The internal::psqrt routine in Eigen/src/Core/arch/SSE/MathFunctions.h appears to have a bug whereby values in the range [1.17549e-038, 1.19209e-007] return a square root value of exactly 0.0, rather than a true square root. This is because the code that computes the non_zero_mask on the Packet4f entry by comparing to see which values are greater than std::numeric_limits<float>::epsilon() (i.e. 1.19209e-007), rather than std::numeric_limits<float>::min() (i.e. 1.17549e-038).
The fix is to change this line:
Packet4f non_zero_mask =
_mm_cmpgt_ps(_x, pset1<Packet4f>(std::numeric_limits<float>::epsilon()));
To:
Packet4f non_zero_mask =
_mm_cmpgt_ps(_x, pset1<Packet4f>(std::numeric_limits<float>::min()));
A test program that exhaustively shows where values in this range compute sqrt results that differ by more than 0.00001 from the default sqrt(float) implementation is below.

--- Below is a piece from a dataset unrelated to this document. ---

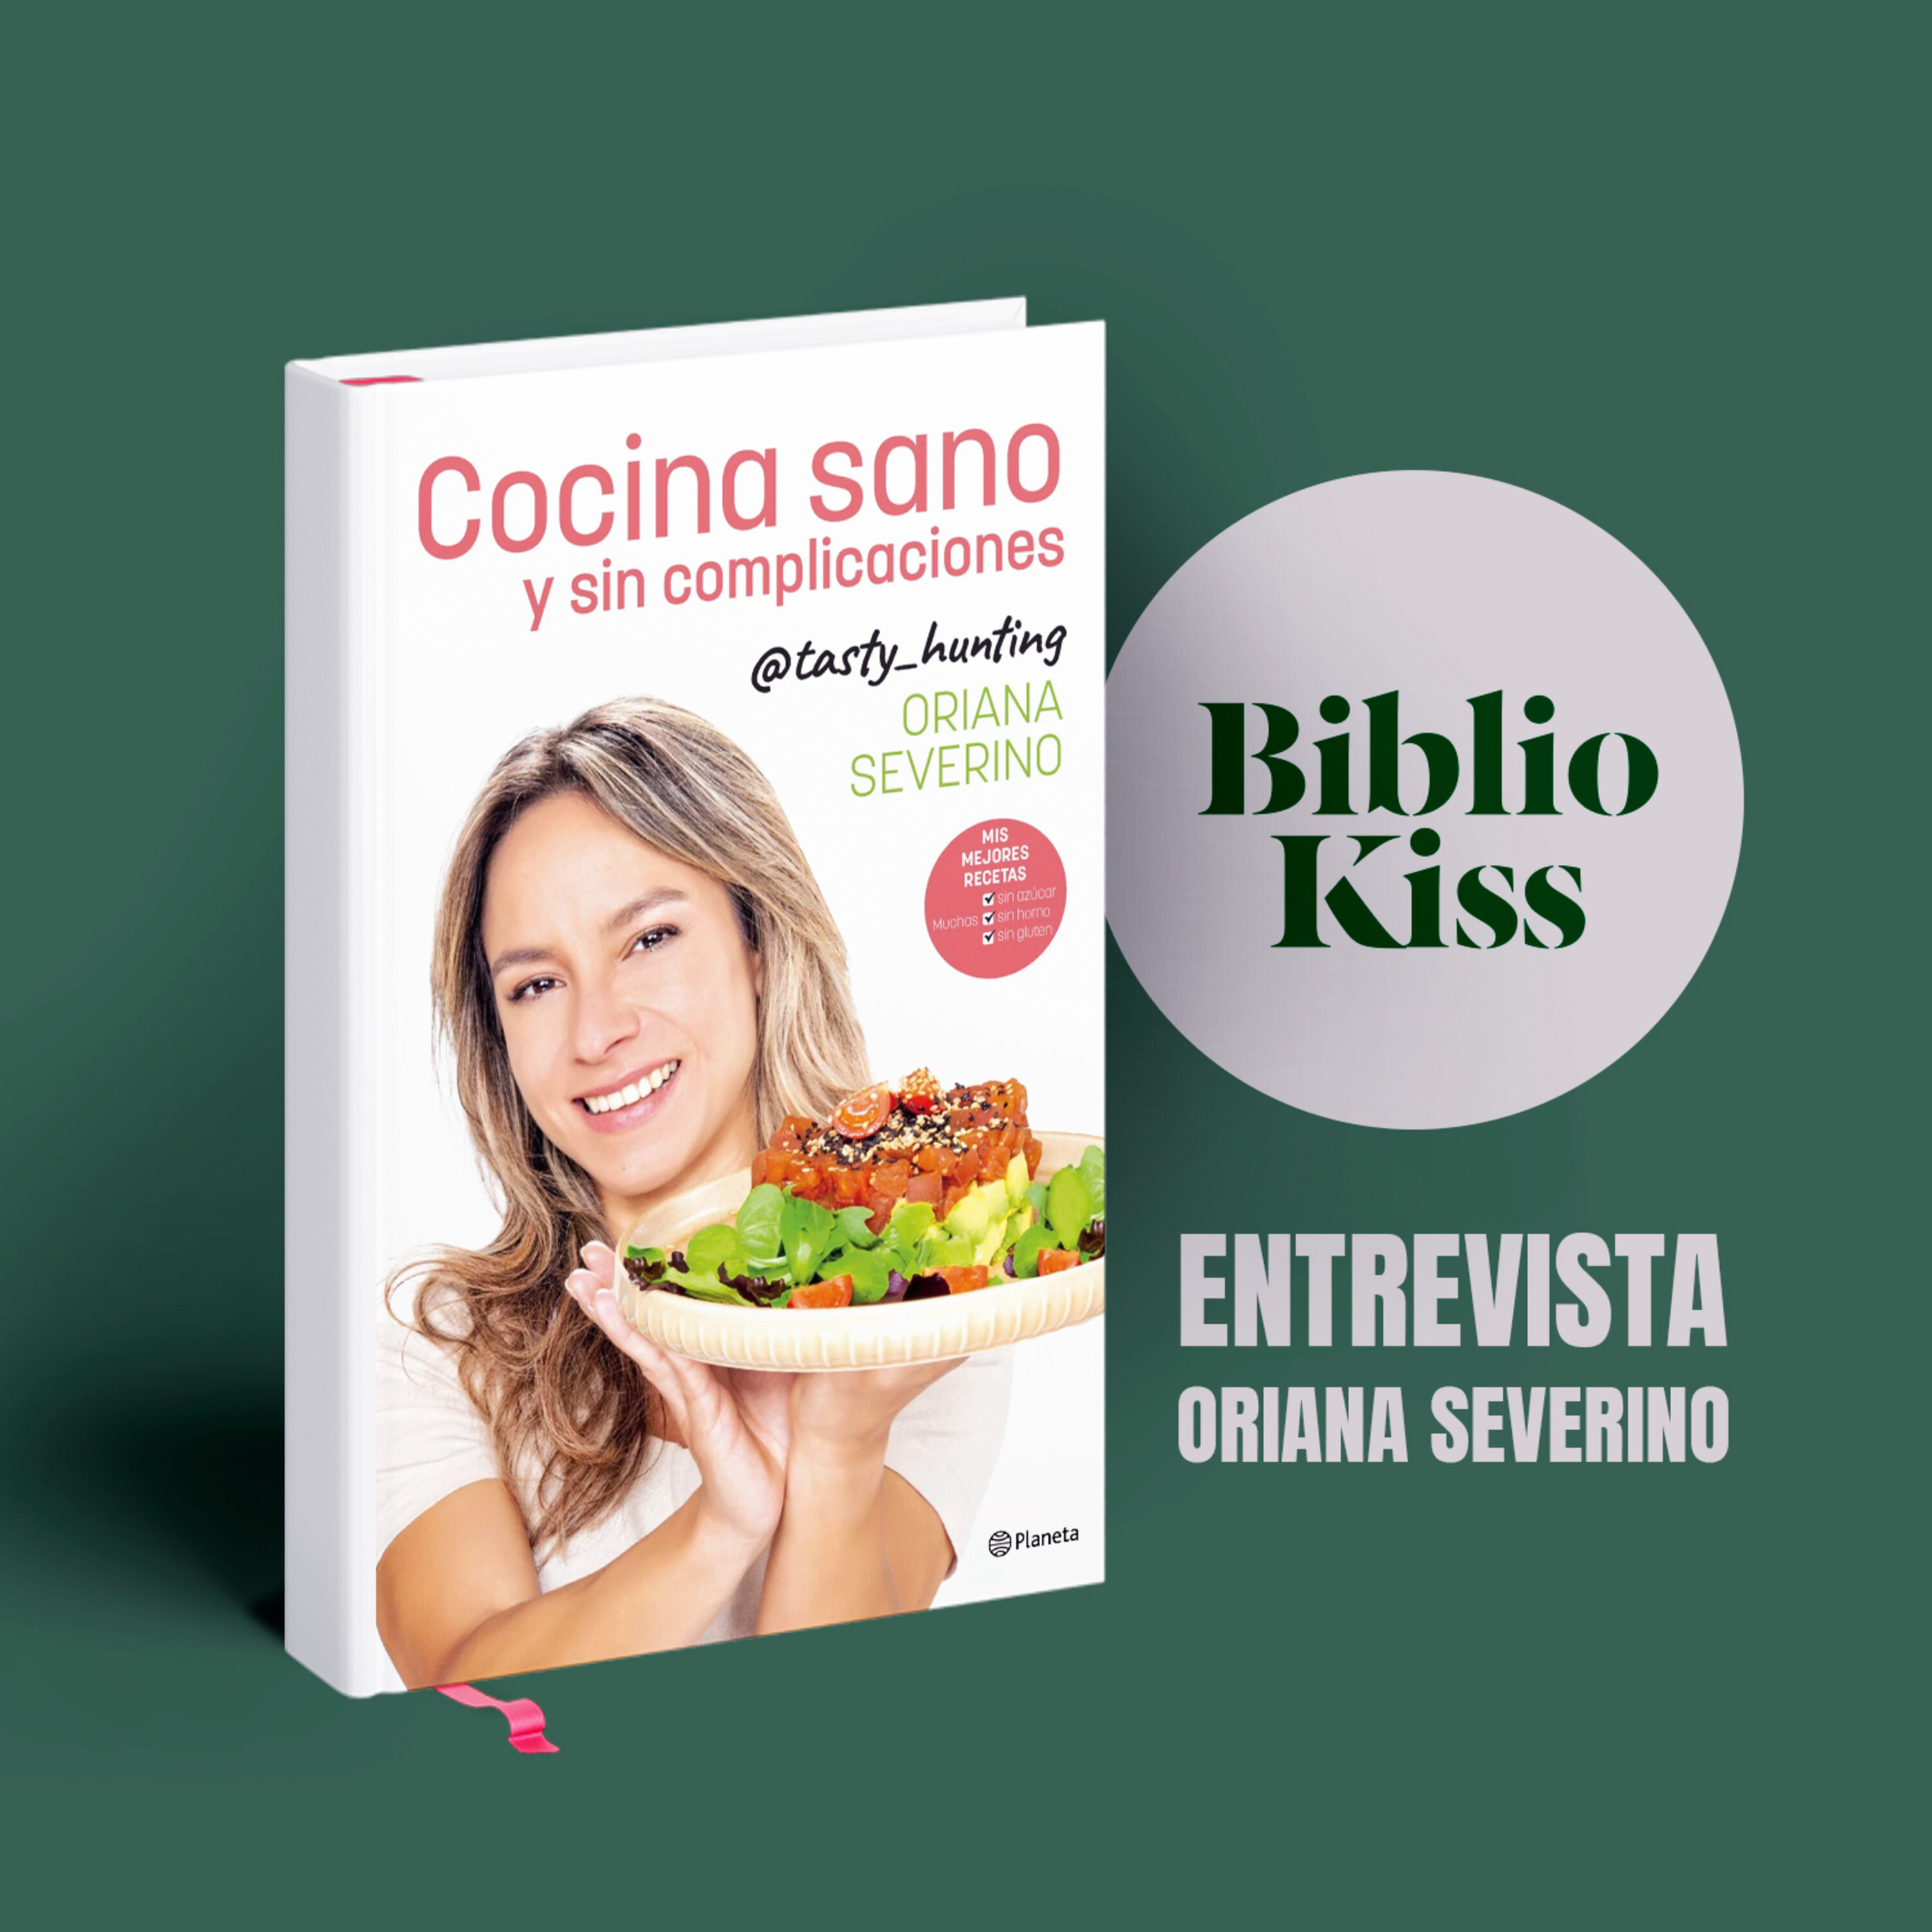 Oriana Severino nos enseña a “cocinar sano y sin complicaciones”
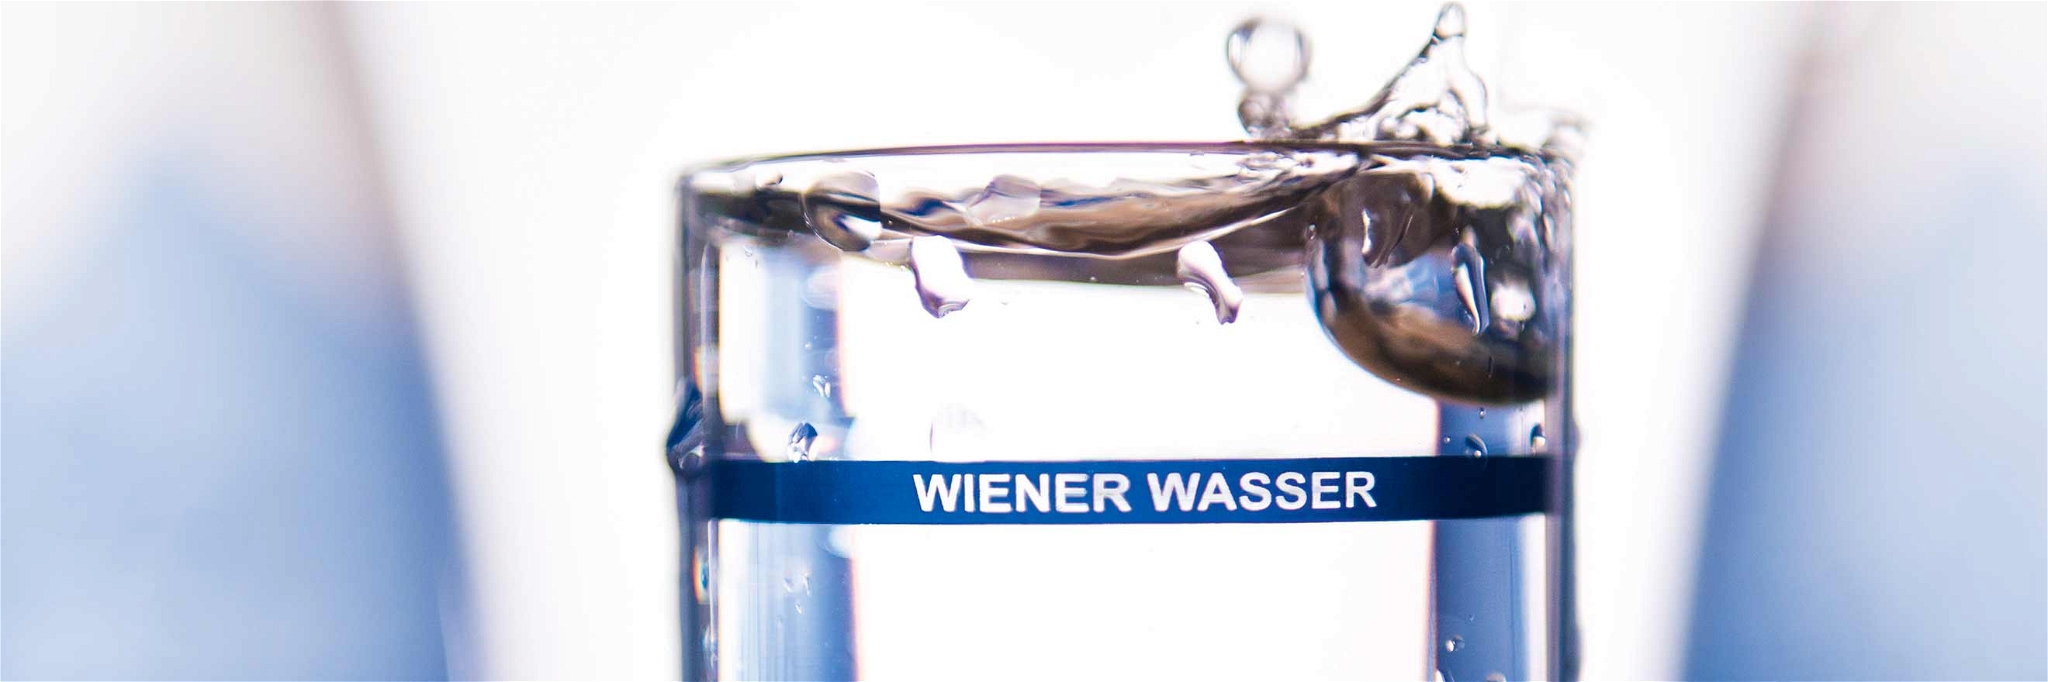 Das Wiener Wasser hat einen hohen Sauerstoffgehalt, viel Sulfat, Magnesium und Calcium sorgen für frischen Geschmack.

It might be worth incorporating the style of this test program into the library to test all the other specialized Packet implementations in MathFunctions.h in a similar manner (i.e. make sure that the Packet SSE implementations compute answers that are very similar to the default single-value implementations for a large number of randomly selected floating point values).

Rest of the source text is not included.